The Inside Edge
UK financial analysts are warning that the crisis hitting many parts of Europe at present may filter through to Britain to the extent that mortgages may become even scarcer to track down than they are at the moment.
Financial trading continues to operate with fewer borders and as such, UK banks with a Europe-wide presence are going to feel the effects of the current problems and their mortgage arms may be set to tighten their criteria and maybe even remove some products altogether.
According to the Council of Mortgage Lenders, short term prospects for the UK mortgage market were going to be directly affected as a result of the on-going problems in Greece and elsewhere. Recent figures released by the CML have shown an easing of mortgage lending following a spike at the start of 2012 as many borrowers sought to take advantage of the stamp duty holiday.

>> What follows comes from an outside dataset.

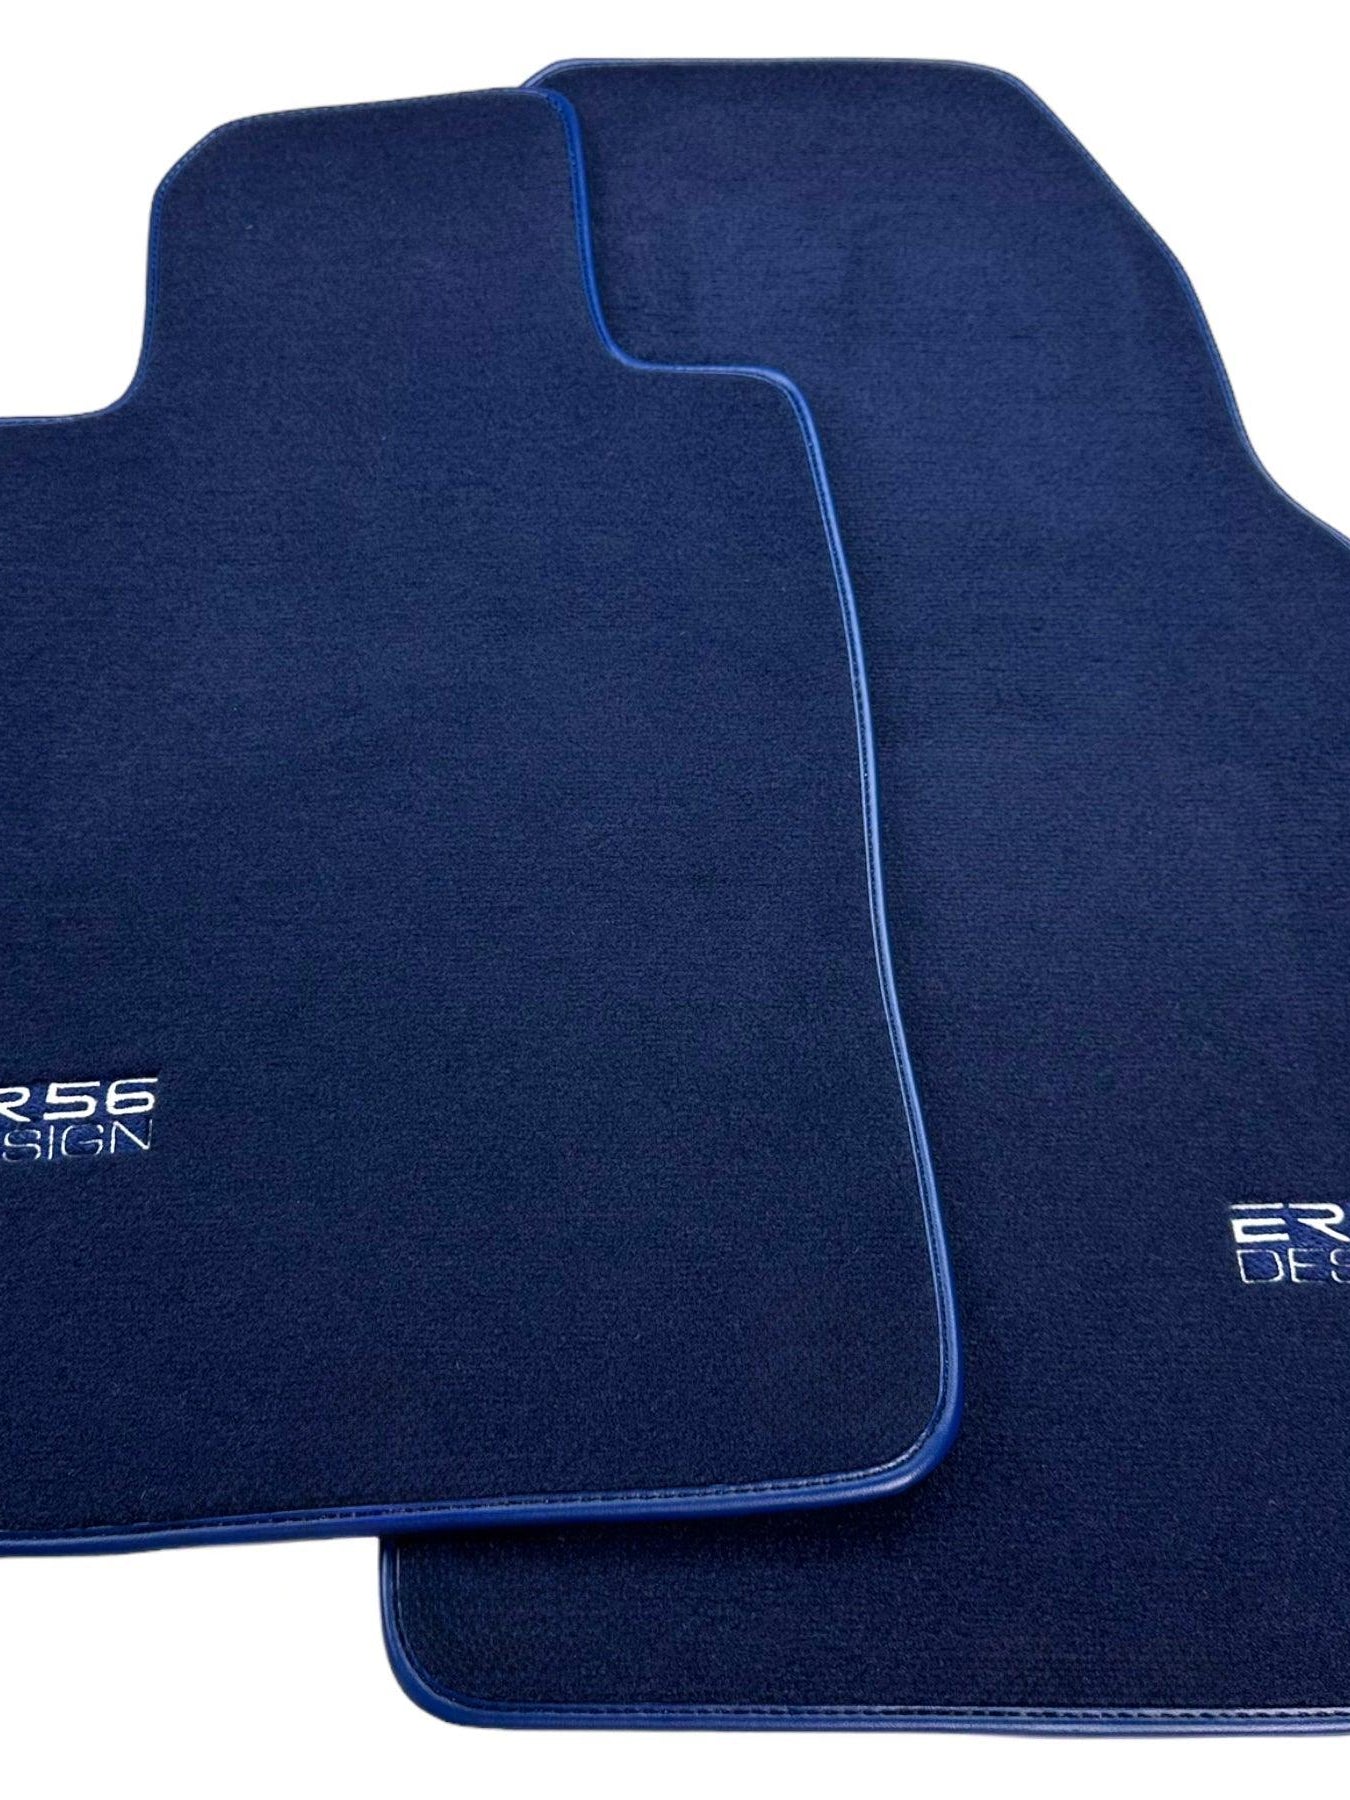 Dark Blue Floor Mats for Porsche 987 Boxster (2005-2012) | Er56 Design - AutoWin

Gross mortgage lending for April stood at £10.2 billion and while that represented a fall of 19% from March, it was still 2% higher than for the same period in 2011. The stamp duty window was always going to give a false picture and the fact that lending is higher than a year ago might give cause for optimism but the CML have warned against complacency.
“The underlying picture appears to be one of easing momentum in the housing market, but with potential for a sharper downwards correction on bad eurozone news,” said Bob Pannell, chief economist at the CML.
Meanwhile, mortgage brokers are urging borrowers to be alert to the danger that the crisis may bring as lenders consider their options.
“The cross-border nature of banking means that UK banks cannot remain immune to what happens in the eurozone,” said Mark Harris of SPF private clients.
“While interest rates are unlikely to rise for three to five years, supporting the market to an extent, borrowers must keep an eye on lenders raising mortgage rates regardless and take action if required and if they are able to.”
On many occasions in the past, prospective buyers may have been put off by dramatic headlines in the media and it is also felt that this factor may apply in the current climate.
“Few could argue that the demand for property, already weak, has been dealt a further blow by the deterioration of the Eurozone,” said Martin Stewart of London Money.
“With apocalyptic headlines every day, who wants to commit to a transaction as big as moving house?”
The volatile situation looks set to continue for the coming months but how much effect will the news from Greece and elsewhere start to have on the UK mortgage market?